In the report, 17% of sole traders say they financially benefitted from interest rate cuts while 48% say it has given them confidence as customers have more money to spend.
Inflation
When it comes to inflation, 79% of the sole traders surveyed say they think it will increase or stay the same.
And because of inflation:
- 77% of sole traders are having to pay themselves more
- 71% say they are paying more for supplies and services
- 69% are trying to cut costs via things like technology
- 69% of sole traders say they are finding business is getting tighter generally
But there’s some pressure coming off, the report says, as 79% say they still have a loyal customer base and 66% of sole traders surveyed say they’re making a profit.
The report says cost-cutting is at 69% - down from 78% in March, and the impacts of fuel prices have also gone down from 60% in March to 50% in June.
Of those surveyed, 38% say they’re having to seek paid employment, down from 56% in March.
The majority of sole traders are still making a conscious choice to not work for a larger company (this is at 73%).
Flexibility is the main driver of this at 76%, followed by control over business direction at 53%, having responsibility for business performance is at 29%, and being able to deal with customers and suppliers directly sits at 21%.
KiwiSaver government contribution
The report says 46% of sole traders surveyed believe the National-led government has performed well since being elected.
“The overall view of their tenure is at best neutral, with half (48%) saying that the National-led government has had little to no effect on their sole trading business, and only a fifth (20%) saying that it has had a positive impact.”
Concerns have also been raised by sole traders about the impact of the Government’s changes to its KiwiSaver contribution rate.
Following Budget Day, the Government’s contribution rate has gone down to 25 cents for each dollar a member contributes.

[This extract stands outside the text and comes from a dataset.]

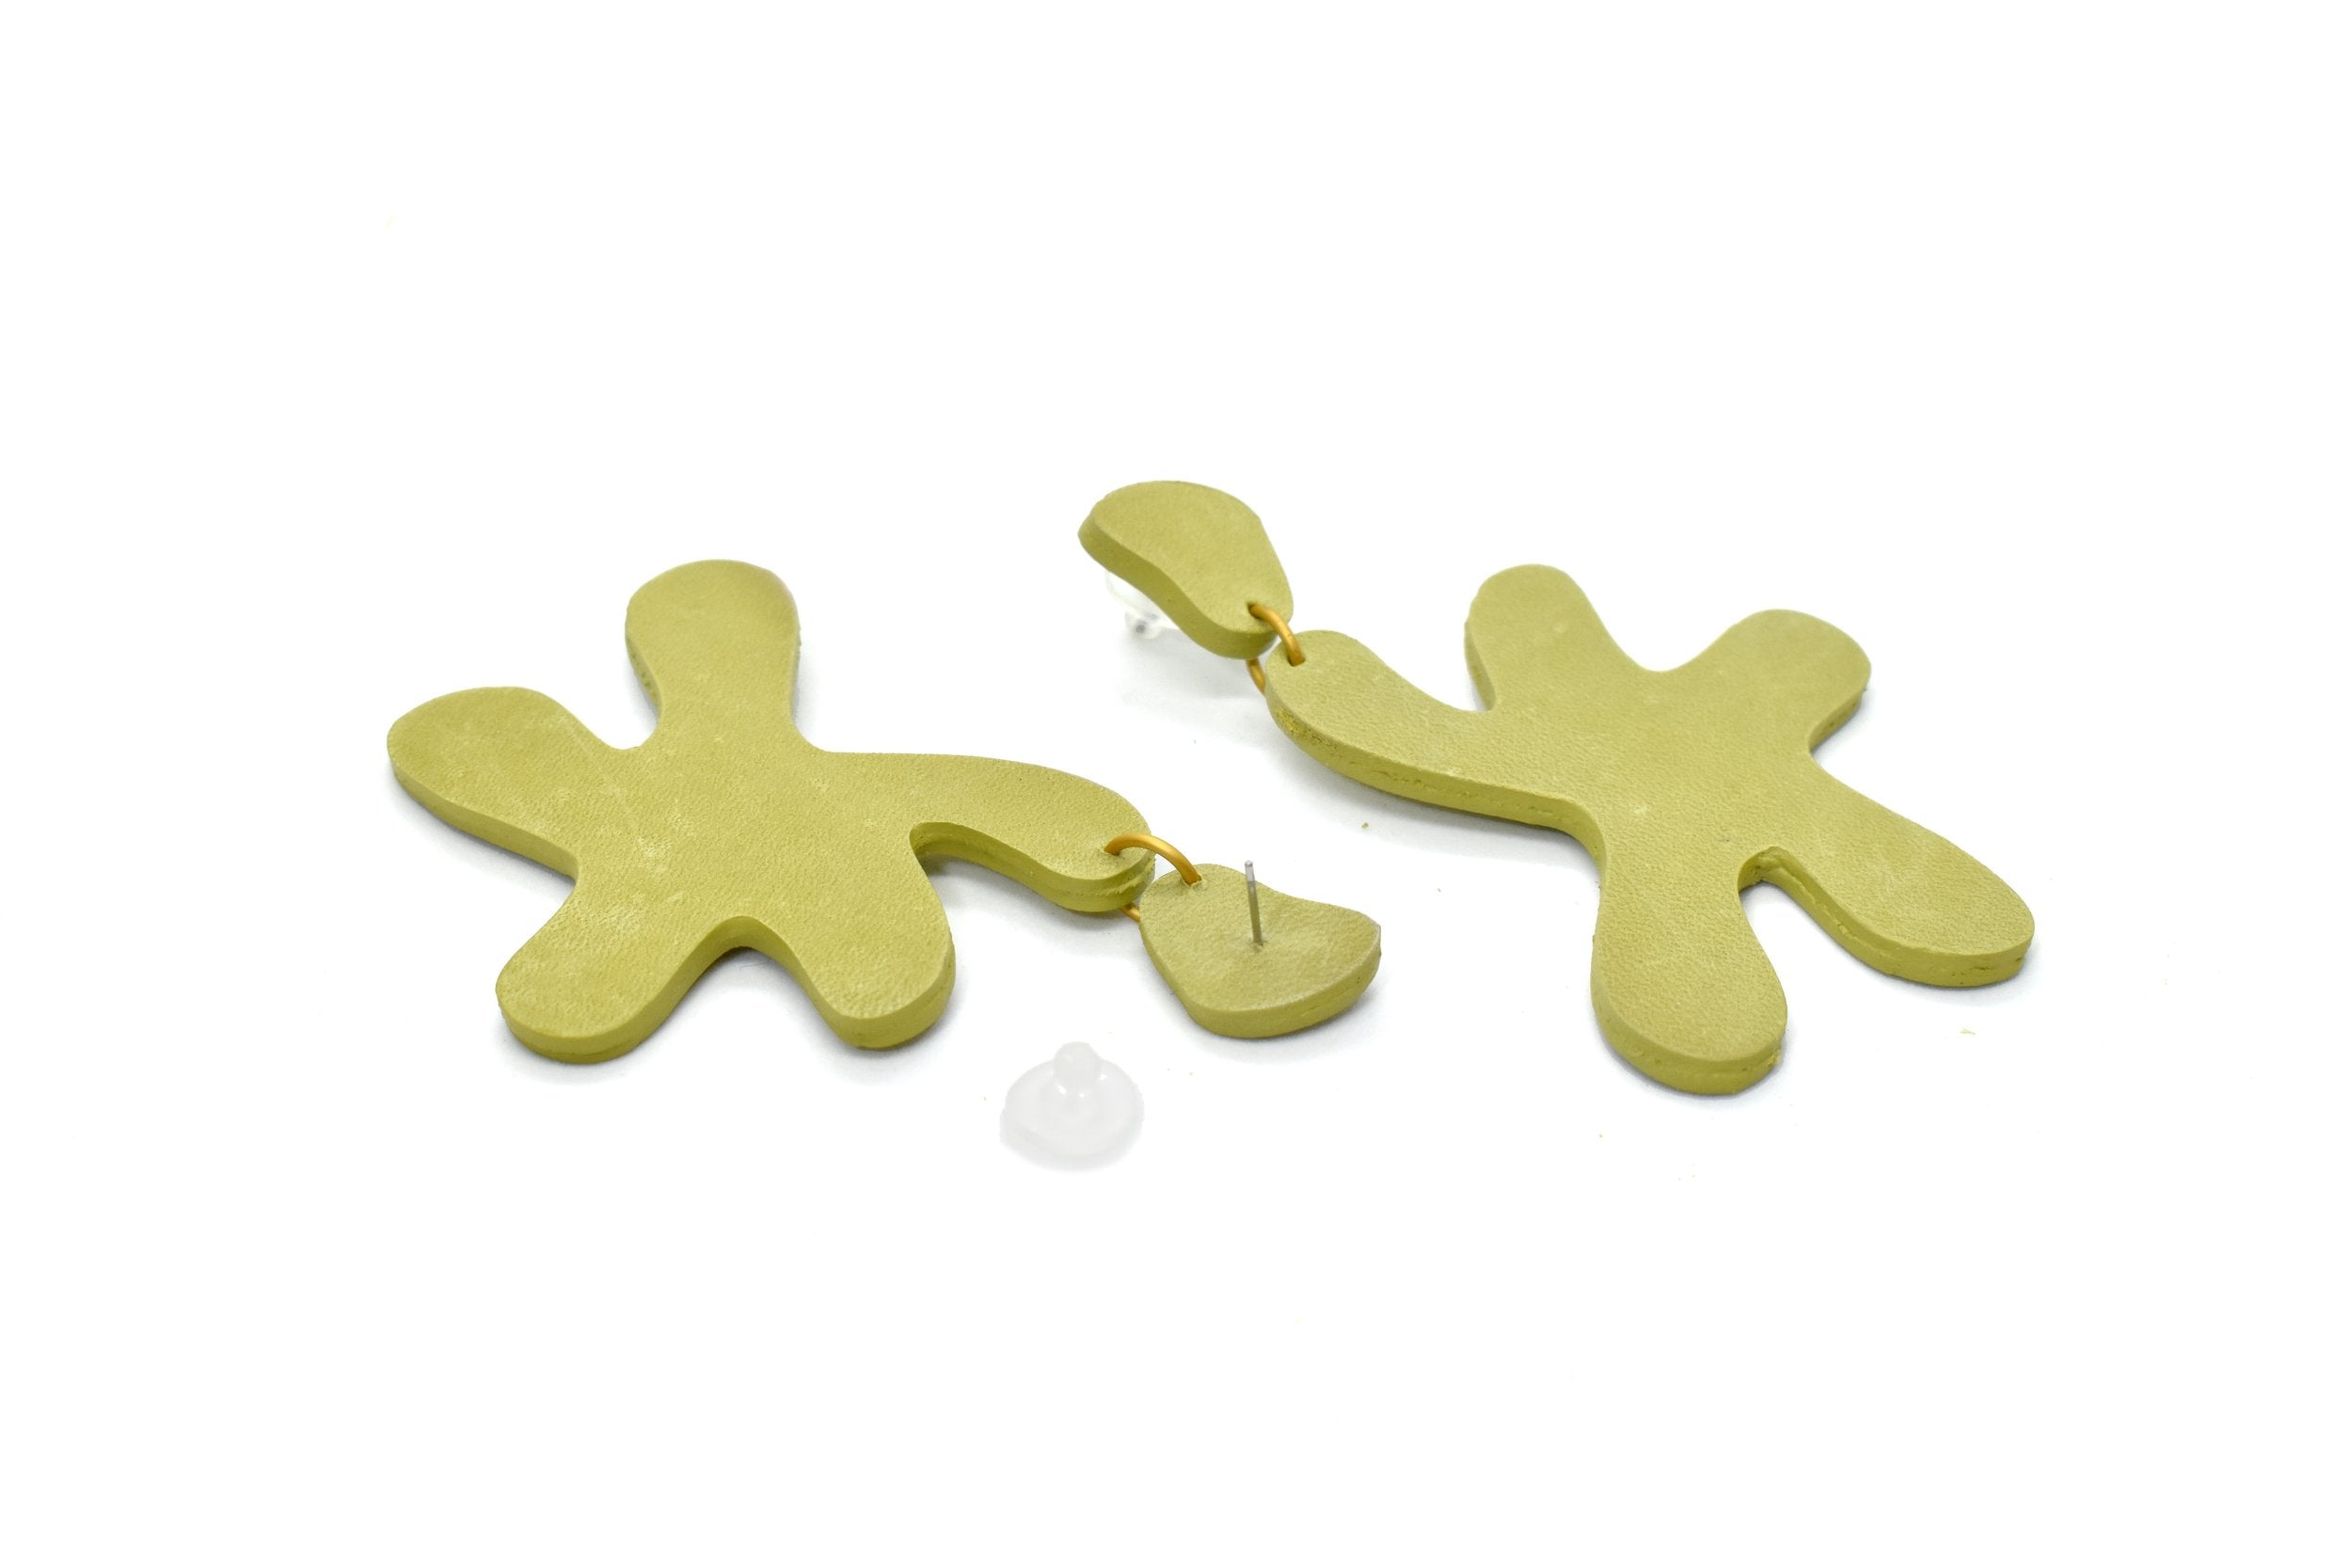 lime green accessories that are star shaped statement earrings made of real leather in chartreuse style

This was previously 50 cents for each dollar which meant receiving a maximum Government contribution of $521.43.
To get the Government’s full contribution now, which is $260.72, people need to put in at least $1042.86 of their own money between July 1 to June 30 each year.

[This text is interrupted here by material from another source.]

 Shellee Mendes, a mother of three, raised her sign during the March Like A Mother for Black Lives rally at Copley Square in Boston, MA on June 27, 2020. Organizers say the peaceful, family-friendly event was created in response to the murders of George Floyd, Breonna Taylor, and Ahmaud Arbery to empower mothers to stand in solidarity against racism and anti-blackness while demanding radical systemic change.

The report found 52% of sole traders surveyed opposed the KiwiSaver co-contribution cut while 14% of sole traders believed the most recent Budget would benefit them.
“The majority (83%) are aware of the KiwiSaver change, and 43% say it will alter saving behaviour - indicating a long-term policy risk for retirement adequacy among sole traders.”
Alongside this, Fuller says 24% of sole traders surveyed were planning to reduce their voluntary contributions. This follows a previous 41% of sole traders who have paused KiwiSaver or saving contributions due to inflationary pressures.
"There’s been this steady stream in the last 18 months of sole traders having to reduce their voluntary KiwiSaver contributions just to get by and now with the Government contribution cut in half, there’s even less incentive for them to save for their futures.”
This is going to create a generation of sole traders who won’t have enough money saved for their retirements and will need Government support in the future when they reach retirement age, Fuller says.
Some sole traders are now looking for alternatives to KiwiSaver.
“What we’re seeing now is people in the sole trader industry diverting what would have been their KiwiSaver contributions to other investment products."
This is a huge challenge for sole traders, Fuller says.